The story behind that photo: Mt. St. Helens Eruption on May 18, 1980
This picture took was the one with the Pinto cocked in the road and the bent motorcycle still in the back with that HUGE cloud going up in the sky in the background.
(Cooper or Lasher may have conflated this part of the story with the fate of Robert Landsberg, a newspaper photographer who, upon realizing he wouldn't be able to escape the eruption after photographing it, carefully rewound his film, packed away his camera gear, and laid over the gear to preserve his shots.)
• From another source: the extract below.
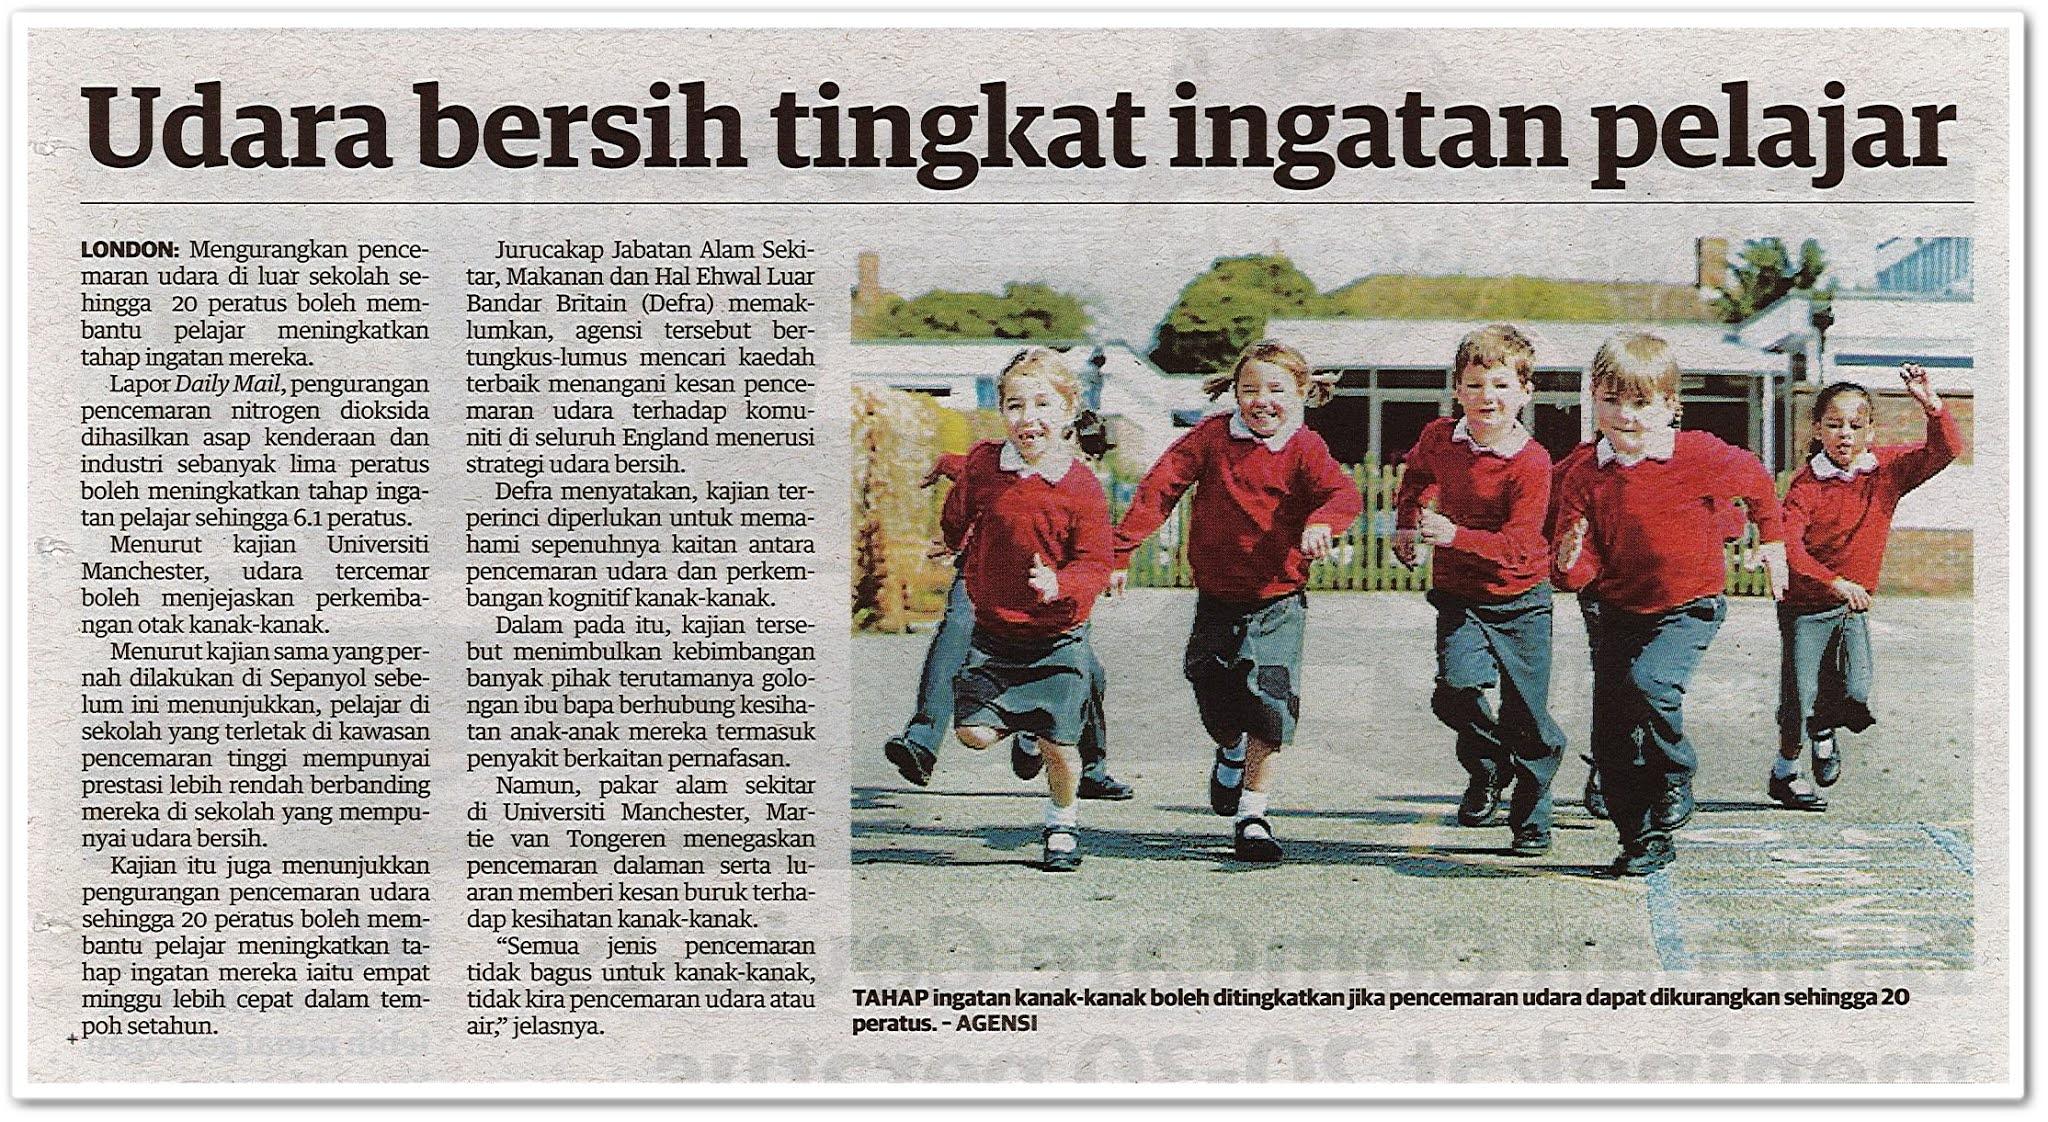 Udara bersih tingkat ingatan pelajar - Keratan akhbar Utusan Malaysia 10 Oktober 2020

He made his way back down the mountain after being quickly overtaken by the ash cloud. He was completely blinded, and had to drive on the opposite side of the road steering by staying right on the opposite side of the road heading into oncoming traffic, but encountered nobody going up. The car choked out after a while and he rode his bent motorcycle out of the mountains back to the room he had rented.
That, however, wasn't the end of Lasher's story.
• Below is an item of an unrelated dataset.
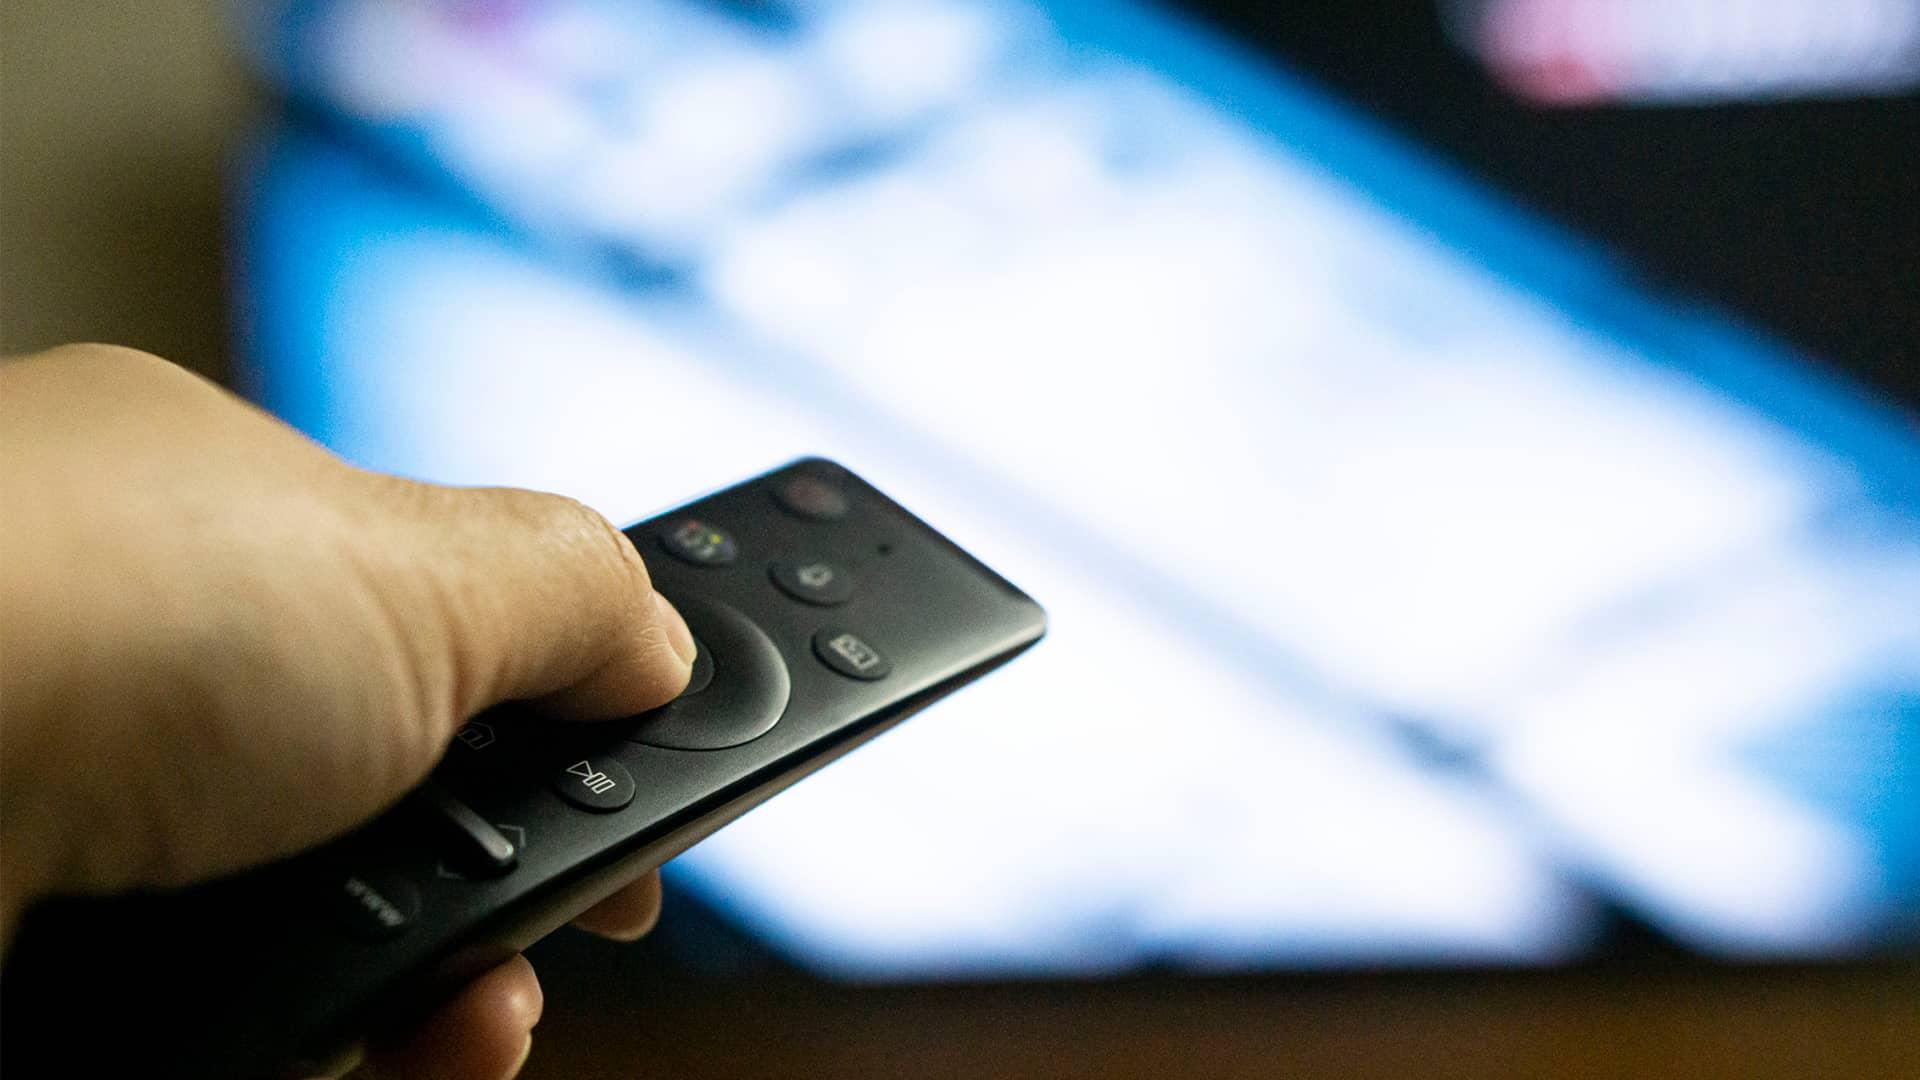 Tivo Vodafone: El decodificador para disfrutar Vodafone TV

The next day as soon as he could, he rode his motorcycle back up into the now really hot zone with his camera to get what pics he could. He was well into the red no go zone, when a helicopter saw him, and came right down and landed in his path. He was surprised to be arrested on the spot and flown out in the chopper and to jail. They left his motorcycle lay on the mountain. They also kept him in jail for a few days without letting him call anyone or even plead his case. When he finally got out, he again went back up there, (Not sure how) and was able to get his motorcycle back and I think later his car as well.
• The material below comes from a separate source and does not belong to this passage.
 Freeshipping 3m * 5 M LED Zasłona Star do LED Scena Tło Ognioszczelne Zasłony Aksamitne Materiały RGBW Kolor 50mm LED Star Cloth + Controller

Some of those photos that Lasher ended up taking of the aftermath, according to Cooper and fellow former co-worker Steven Firth, focused on those who didn't make it out alive and on the automotive wreckage they left behind. Both Cooper and Firth recalled Lasher showing them photos of burned-out vehicles with puddles of melted plastic underneath.So, yes, the photographer behind that mystery photograph did survive to see it widely disseminated. Whatever became of the Pinto and the Yamaha, however, i don't know.